Hypothesis Testing is a statistical tool, that allows the resemblance of two or more process attributes – mean, median, and standard deviation. It provides a method to determine differences.
- An important part of a conclusion reached based on random sampling (statistical inference)
- A hypothesis is a statement we want to verify using data
- is there a difference?
- has there been a change?
- A hypothesis is a statement we want to verify using data
- Null and Alternative hypotheses are formed
- Level of risk and confidence required
- Experimentation is conducted, and interpret the results
- Fail to reject the null hypothesis
- No change. No difference, or…
- Reject the null hypothesis
- There is a change, a difference
- Fail to reject the null hypothesis
What might we “Test” for?
We will be testing for a Change or Difference in Process…
- Central Tendency
- Mean, Median, Mode
- Variation
- Variance, Standard Deviation
- Proportion
- % (ratio, proportion)
- Frequency (of occurrence)
- Distribution of count/frequency
Testing Protocol
- “Null” hypothesis (H0)
- This statement validates the status quo – no significant change will be observed. Any differences detected are purely due to chance and not a change in the process.
- Symbols:
- = (equals)
- < (not less than)
- > (not greater than)
- “Alternative” hypothesis (H1)
- This is a statement that there will be a difference in statistical significance detected; there has been a change.
- Symbols:
- <> (doesn’t equal)
- < (is less than)
- > (is greater than)
The hypotheses are complementary to each other. If one is true, the other is not true, and vice versa.

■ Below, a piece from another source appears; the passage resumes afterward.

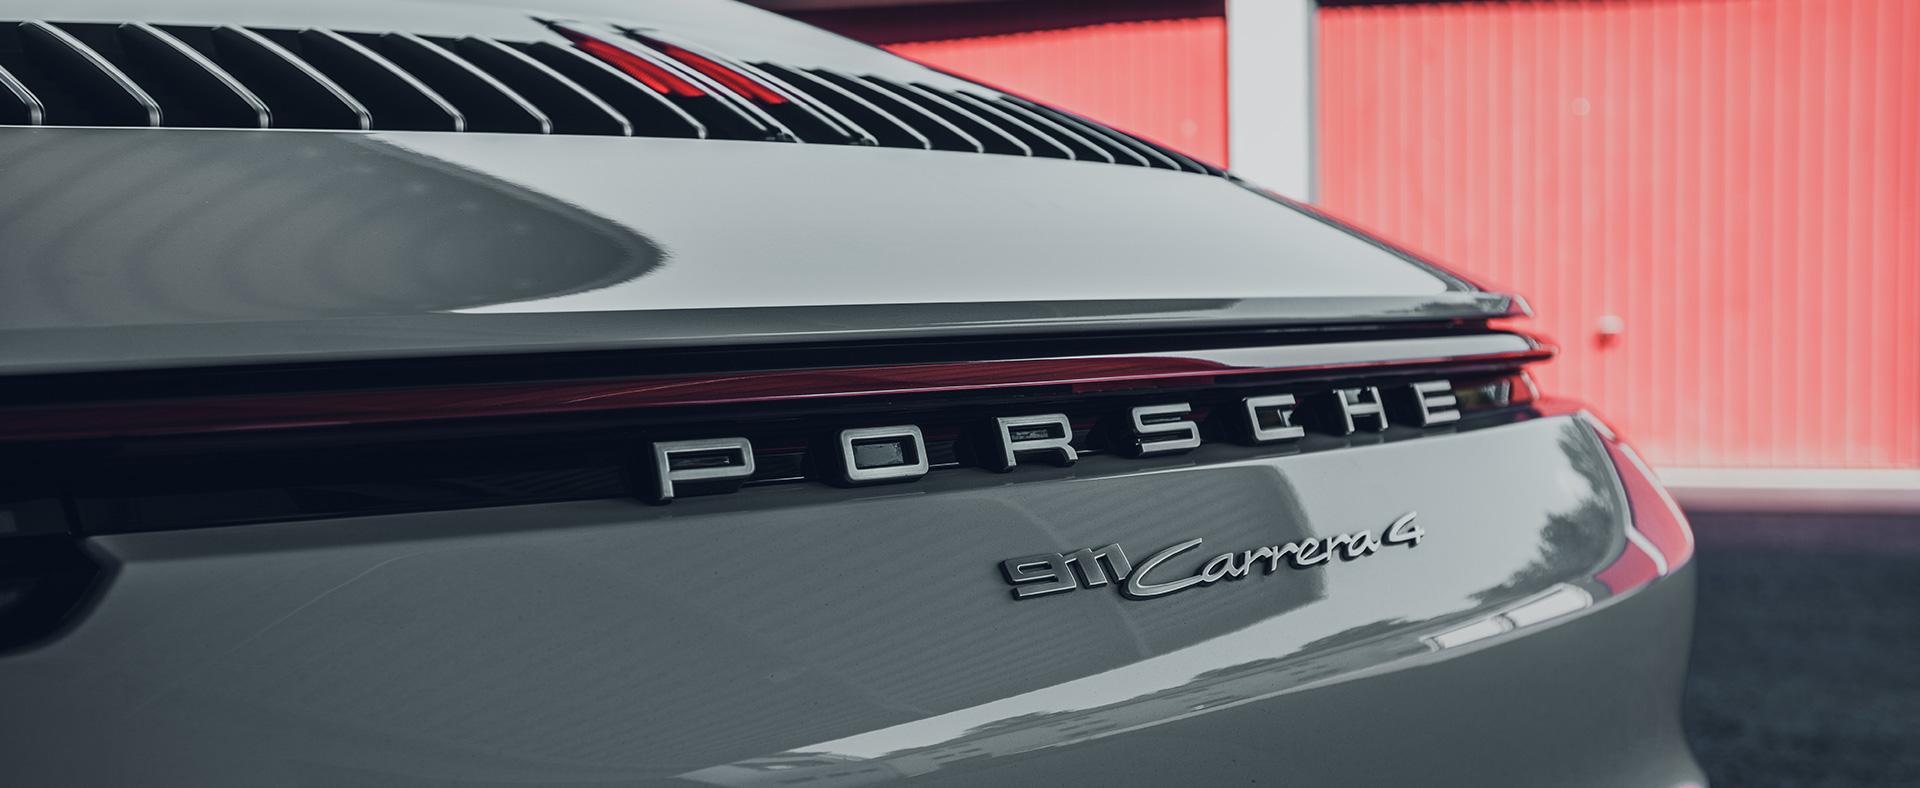 Toyota Supra 2.0 Turbo tuned – A valid alternative to the 3.0 version?

If the p is low, the null must go!
When performing any statistical test, the outcome is based on sampling from the population; therefore, there is room for error. Most statistical tests are run with a 95% confidence level, indicating a 5% chance of making an error.
The decision to accept or reject the null hypothesis is predicated on the calculated p value. If the p value is a smaller amount than or adequate to a preassigned significance level (normally set at 5%), then we reject the null hypothesis and accept the alternative.
A p value will be calculated by the statistical software when running a hypothesis test.
Types of Hypothesis Testing
There are many different types of hypothesis tests, and they can be divided into two main categories:
- Parametric tests
- Makes inferences about parameters like mean and variance
- Based on assumptions of specific distributions (ex. “normal” or “t” distributions)
- Non-parametric tests
- Makes inferences about frequency distribution like median, distribution type
- Usually include sign and rank tests (a type of “math” used)
- Do not require normality assumptions (but have some assumptions… always check them!)
Depending on the type of data you have collected, and whether it’s normal or non-normal, several hypothesis tests are available for comparing process characteristics.